A. Pre-titrate the parental cells with:
(1) Blasticidin (Blast) for LentiCas9-Blast selection: titration range 0, 0.625, 1.25, 2.5, 5, 10, 20, 40 ug/ml final x 3-5 days, find the minimal killing dose.
(2) Puromycin (Puro) for sgRNA library selection: titration range 0, 0.05, 0.1, 0.2, 0.5, 1, 2, 4 ug/ml final x 2-3 days, find the minimal killing dose.
B. Establish the monoclonal spCas9-expressing cells for CRISPR screen:
We use LentiCas9-Blast stably transduced cells for a constitutive spCas9 expression. We suggest single cloning these cells and identify monoclonal Cas9+ cells that exert the best CRISPR editing activity for the CRISPR library screen. For this, we developed a “self-inactivation RFP system” for a flow cytometric assay to select the best CRISPR editing clones.
(1) Transduce the cells with LentiCas9-Blast at ~15-20% infection. Blasticidin selects for 3-5 days.
(2) Single cloning by seeding the cells in Blast-medium in 96-well-plates x 3, each contains 300, 100, and 30 cells in the plate.
(3) Select wells that contain monoclonal cells and expand the culture. It typically talks 2 – 4 weeks to expand from a single cell to get enough cells for frozen stocks and the functional test.
(4) Test the CRISPR editing efficiency of each monoclonal Cas9-expressing cell using the sgRNA targeting RFP (sgRFP; 5’-GTCACCACATACGAAGACGG-3’). Select the best CRISPR editing clones for CRISPR screens.
C. Preparation of CRISPR library virus:
Make library virus using HEK293 cells in P100 dishes. We suggest making 10 dishes of virus per 1,000 sgRNA constructs in the library for a typical one condition, 1,000x coverage, triplicated screen. The real dish # of viral production required for the screen depends on the infection potential of the target cells, and the screen designs such as coverage-fold, # of replicates, # of conditions (e.g., drug treatments, etc.). A pilot culture to calculate the required viral amount is highly recommended.
(1) Day 1: Seed HEK293 cells at 3.4 x 106 cells per P100 dish in DMEM medium with 10% FBS, penicillin (100 units/ml), streptomycin (100 μg/ml), and plasmocin (5 μg/ml).
(2) Day 2: Transfect the HEK293 cells with a mixture of pPAX2 plasmid: pMD2 plasmid: CRISPR library plasmid = 5.6 μg: 5.6 μg: 5.6 μg (Total DNA = 17 μg).
(3) Day 3: Replace medium 18-24 h after transfection.
(4) Day 5: Harvest the viral containing supernatant from the HEK293 cultures. Spin at 2,000 g x 10 min to remove the cell debris. Aliquot the viral supernatant and store @ -80℃.
D. Pilot library virus test infection:
(1) Setup a viral titration in a 12-well plate scale. Typical seeding density: 1 – 2 million cells per 12-well. Titrate the virus with a 2-fold gradience. Each well contains 10ug/mL polybrene (final concentration).
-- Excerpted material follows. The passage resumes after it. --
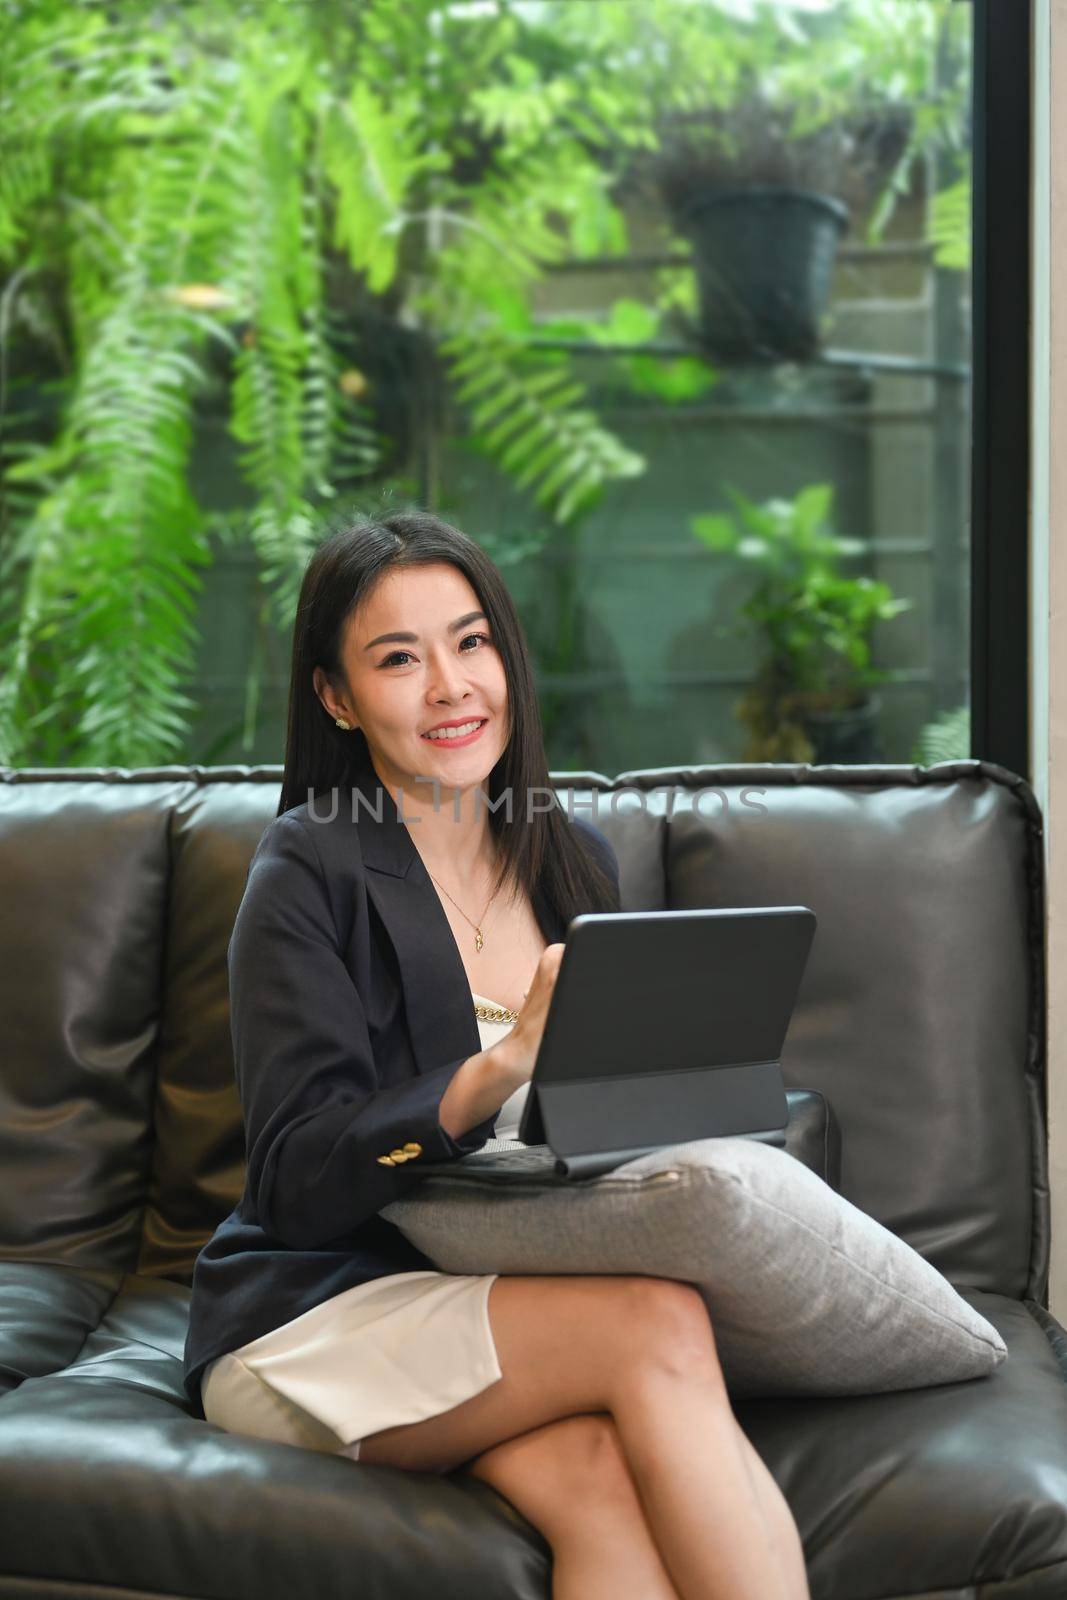 Attractive female entrepreneur sitting on couch in her office and using digital tablet.
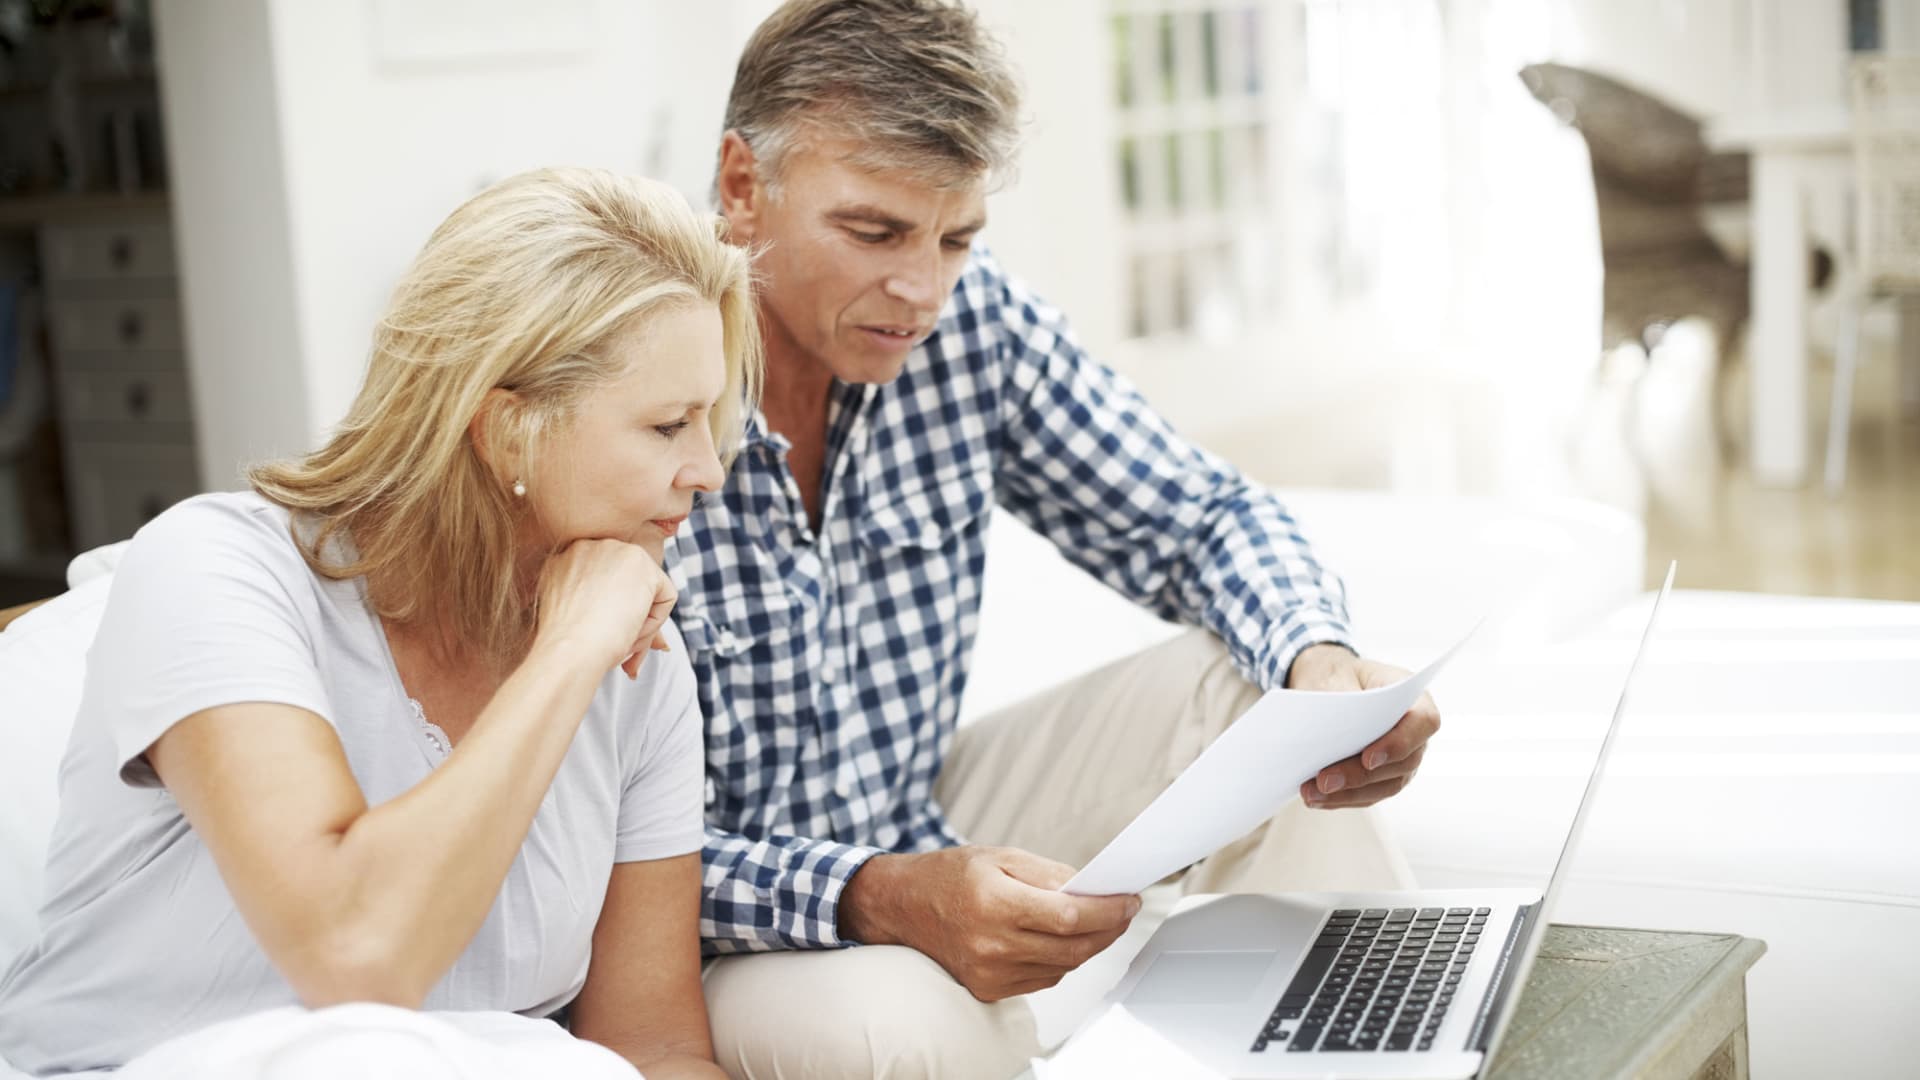 Getting close to retirement? Be sure your plan includes managing this risk

(2) Read the RFP+ cell % at 48hr post-infection. Identify the well with 15 – 20 % RFP+ % (this will be the titer for the real screen). Using this condition, we expect to have ~ 90% of the infected cells receiving only one sgRNA construct.
E. Pilot library test culture (mimic the real screen condition but in a smaller scale):
(1) Transduce the Cas9-expressing cells with the sgRNA library virus using the condition for 15 – 20 % RFP+ infection and add puromycin 24hr post-infection (and maintain puromycin during the whole course of the screen).
(2) After 24hr in puromycin, check the RFP+ % (usually expect to reach > 60% RFP+ after 24hr puromycin treatment). This is the START of the test screen culture.
(3) Seed cells in the culture conditions for the screen. If planning for a drug response screen, use this Pilot test culture to titrate for the drug concentrations as needed.
(4) Use the pilot library test culture to determine the large-scale screen culture protocol (days, seeding density, drug conditions…). Calculate the reagents required for the large-scale screen culture (virus, medium, compounds, FBS, cytokines, etc.) to ensure sufficient materials to complete the screen.
F. Large-scale screen culture:
(1) Transduced at 15 – 20% RFP+ as previously titrated.
(2) Initial sgRNA library infection needs to get 1,000x coverage to get enough cells to start.
· Example for a 1,000 sgRNA library: Start from 10 million cells per replicate at 15~20% infection rate. Expecting at least 1 million independently infected RFP+ cells.
(3) Add puromycin 24hr after infection.
(4) At the defined time point (e.g., day 3 post-transduction), submit freshly harvested screen cells for 10X Chromium single-cell isolation using the 10X GEM v3.1 kit.